How asyncio works compared to JavaScript

I’m used to synchronous Python and asynchronous JavaScript. asyncio is a little strange at first. It’s far more verbose than just stringing along a few JS promises. Let’s compare this example of JS and Python.

fetch('http://example.com/example.json')
  .then(response => response.json())
  .then(data => console.log(data));
async def main():
    async with aiohttp.ClientSession() as session:
        async with session.get('http://example.com/example.json') as response:
            html = await response.json()
            print(html)
loop = asyncio.get_event_loop()
loop.run_until_complete(main())

There’s more boilerplate in Python. aiohttp has three chained async calls while fetching JSON in JS requires just two chained promises. Let’s break these differences down a bit

  • An async call to GET/POST/etc the resource. At this time, we don’t have the body of the request. fetch vs sessions.get are about the same here.
  • An async call to get the body contents (and perhaps process them in some manner such as converting a JSON payload to a object or dictionary). If we only need say the status code, there is no need to spend time doing this. Both have async text() and json() functions that also work similarly.
  • aiohttp has a ClientSession context manager that closes the connection. The only async IO occurs when closing the connection. It’s possible to reuse a session for some performance benefit. This is often useful in Python as our async code block will often live nested in synchronous code. Fetch does not have this (as far as I’m aware at the time of this writing).
  • get_event_loop and run_until_complete allow us to run async functions from a synchronous code function. Python is synchronous by default, so this is necessary. When running Django or Celery or a python script, everything is blocking until explicitly run async. JavaScript on the lets you run async code with 0 boilerplate.
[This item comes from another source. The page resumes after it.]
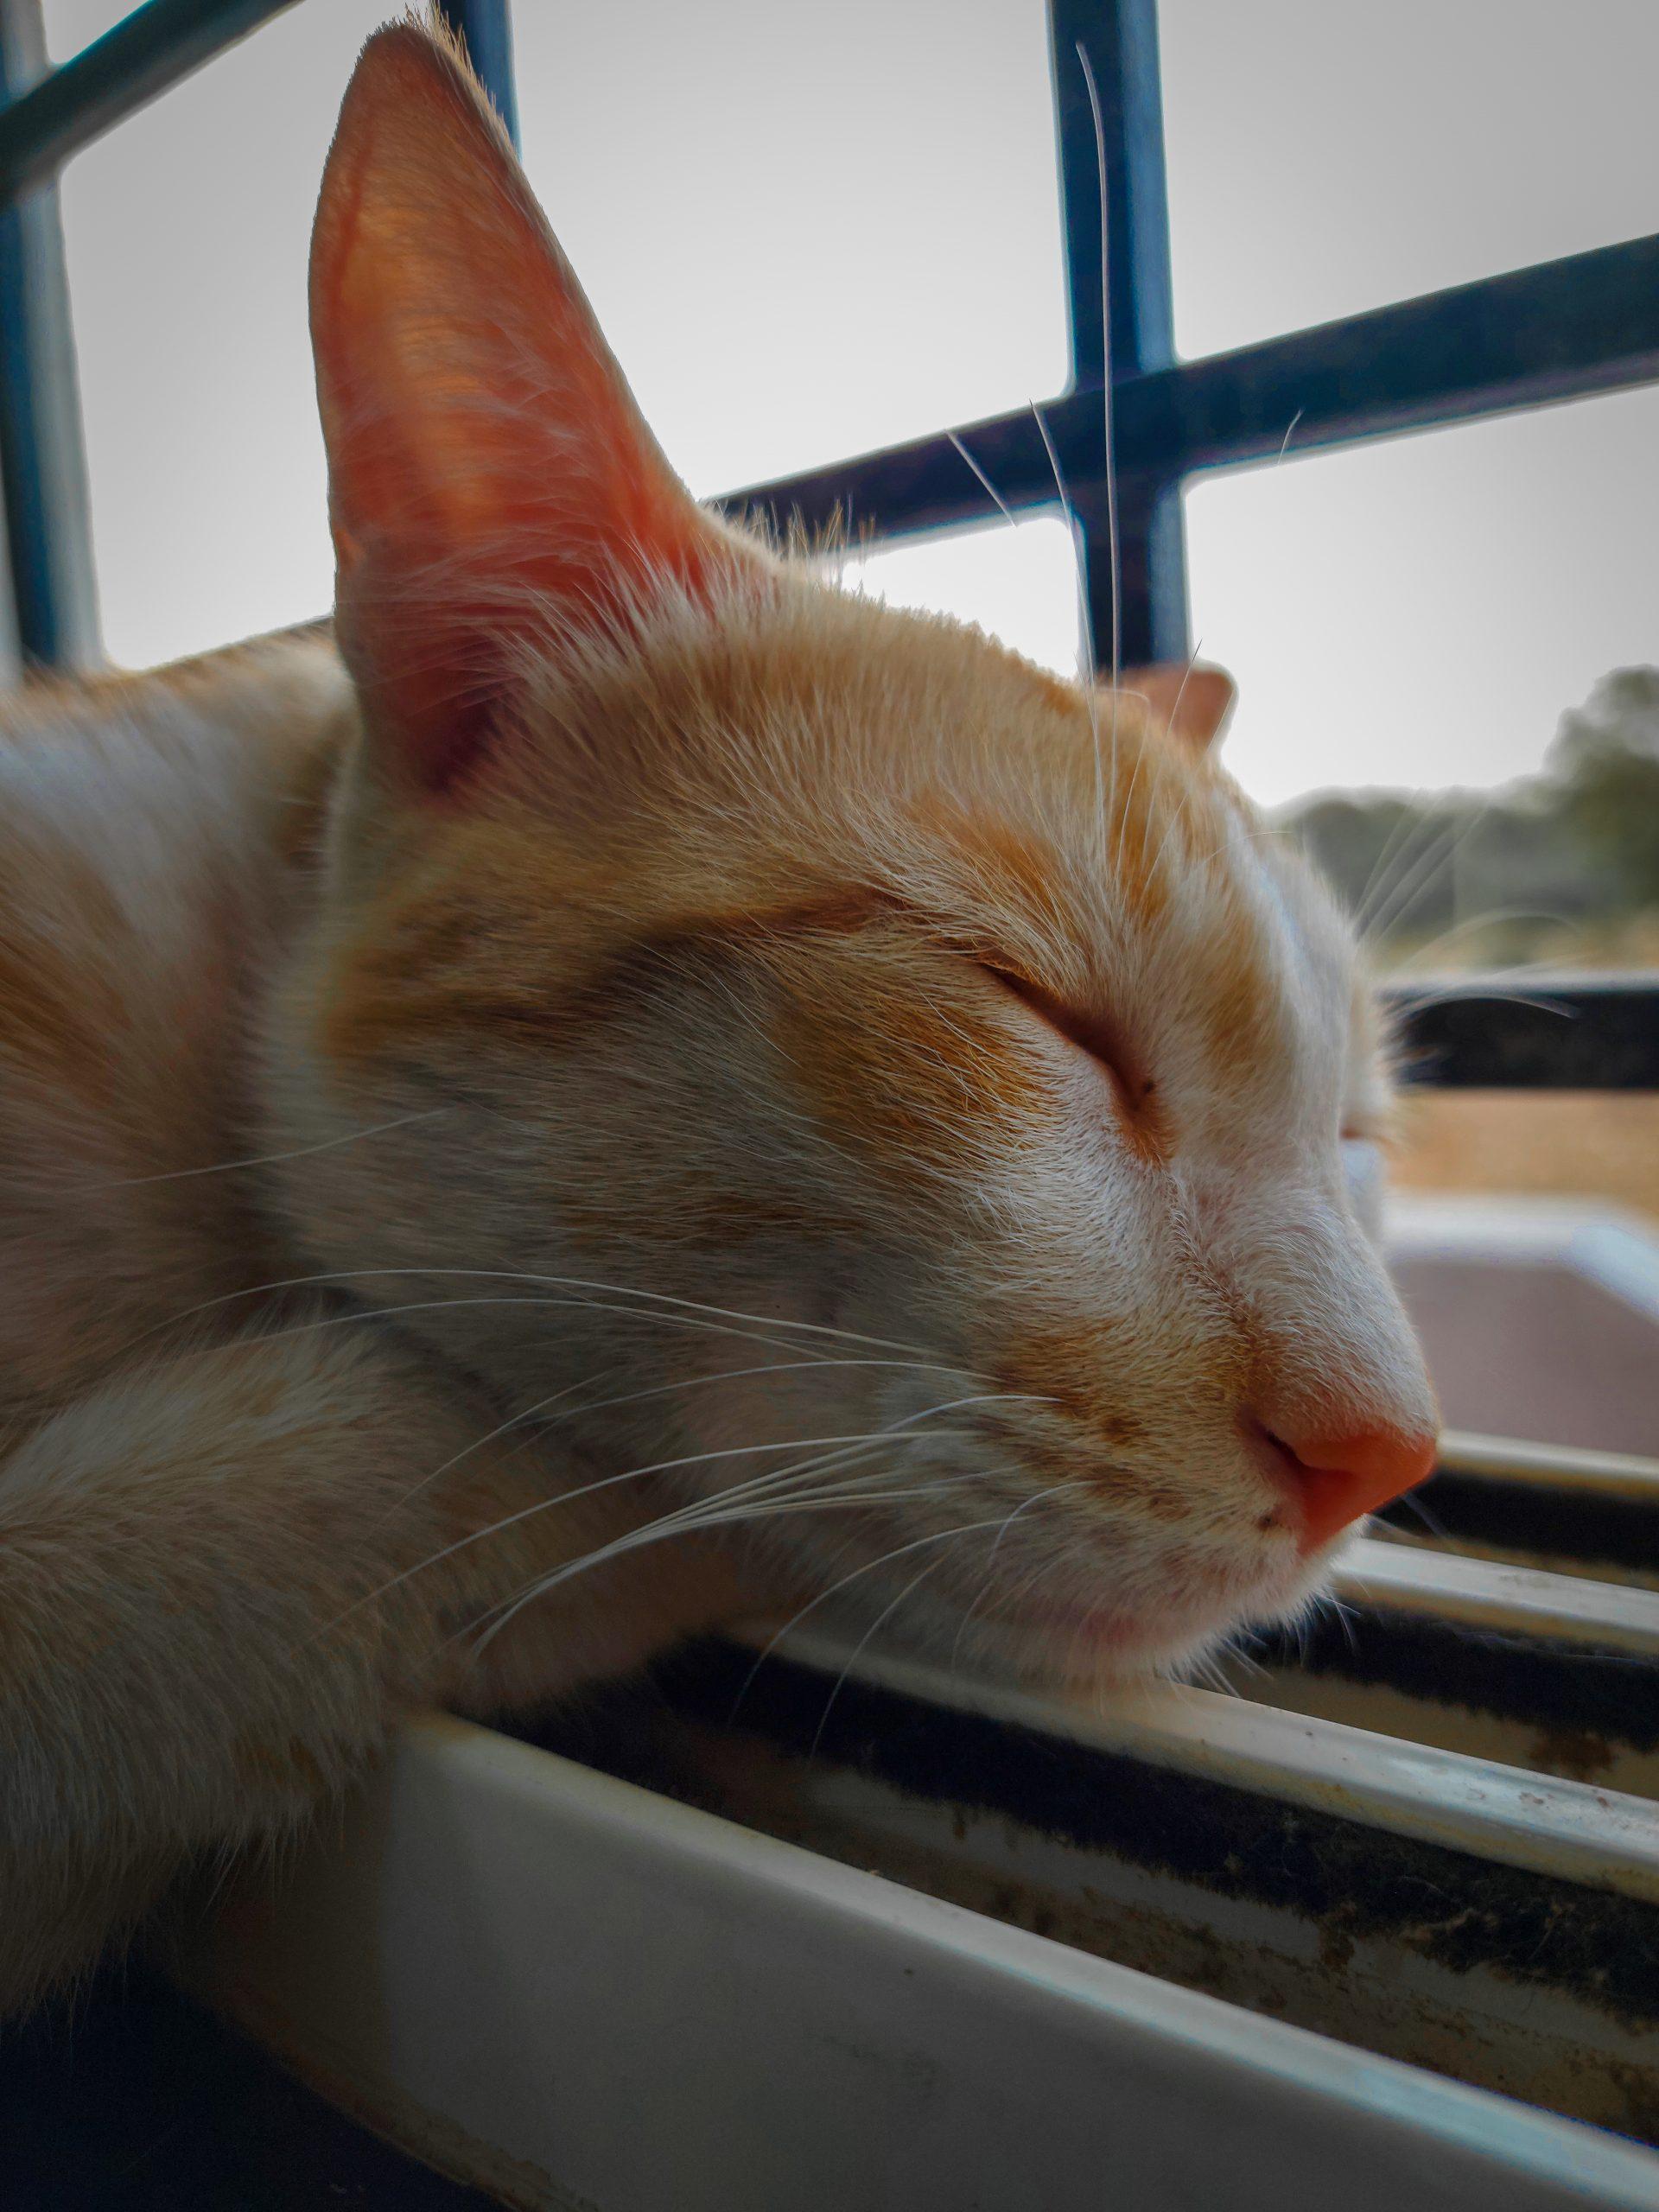 Sleeping cat at the window

One other thing to note is that both Python and JavaScript are single threaded. While you can “do multiple things” while waiting for IO, you cannot use multiple CPU cores without starting multiple processes, for example by running uwsgi workers. Thus in Python it’s called asyncio.

Source: docs.aiohttp.org

Network Monitoring with aiohttp

Network monitoring can easily start as a couple line script or be a very complex, massive service depending on scale. I won’t claim that my method is the best, mega-scale method ever, but I think it’s quite sufficient for small to medium scale projects. Let’s start with requirements

  • Must handle 1 million network checks per minute
  • Must run at least every 30 seconds (smaller scale this could probably go much shorter)
  • Must only run Python and get embedded into a Django code base
  • Must not require anything other than a Celery compatible service broker and Django compatible database

And a few non-functional requirements that I believe will help scale

  • Must scale to run from many servers (Celery workers)
  • Must batch database writes as efficiently as possible to avoid bottlenecks
Overview of architecture

A Celery beat scheduler will run a “dispatch_checks” task every 30 seconds. Dispatch checks will determine which “monitors” need checked based on their set interval frequency and last check. It will then batch these in groups and dispatch further parallel celery tasks called “perform_checks” to actually perform the network check. The perform_checks task will then fetch additional monitor data in one query and asynchronously check each network asset. Once done, it will save to the database using standard Django ORM. By batching inserts, we should be able to improve scalability. It also means we don’t need a massive number of celery tasks, which would be unnecessary overhead. In real life, we may only have a few celery works for the “small or medium scale” so it would waste resources to dispatch 1 million celery tasks. If we batch inserts by 1000 and really have our max target of 1 million monitors, then we would want 1000 celery workers. Another variable is the timeout for each check. Making it lower, means our workers get done faster instead of waiting for the slowest request.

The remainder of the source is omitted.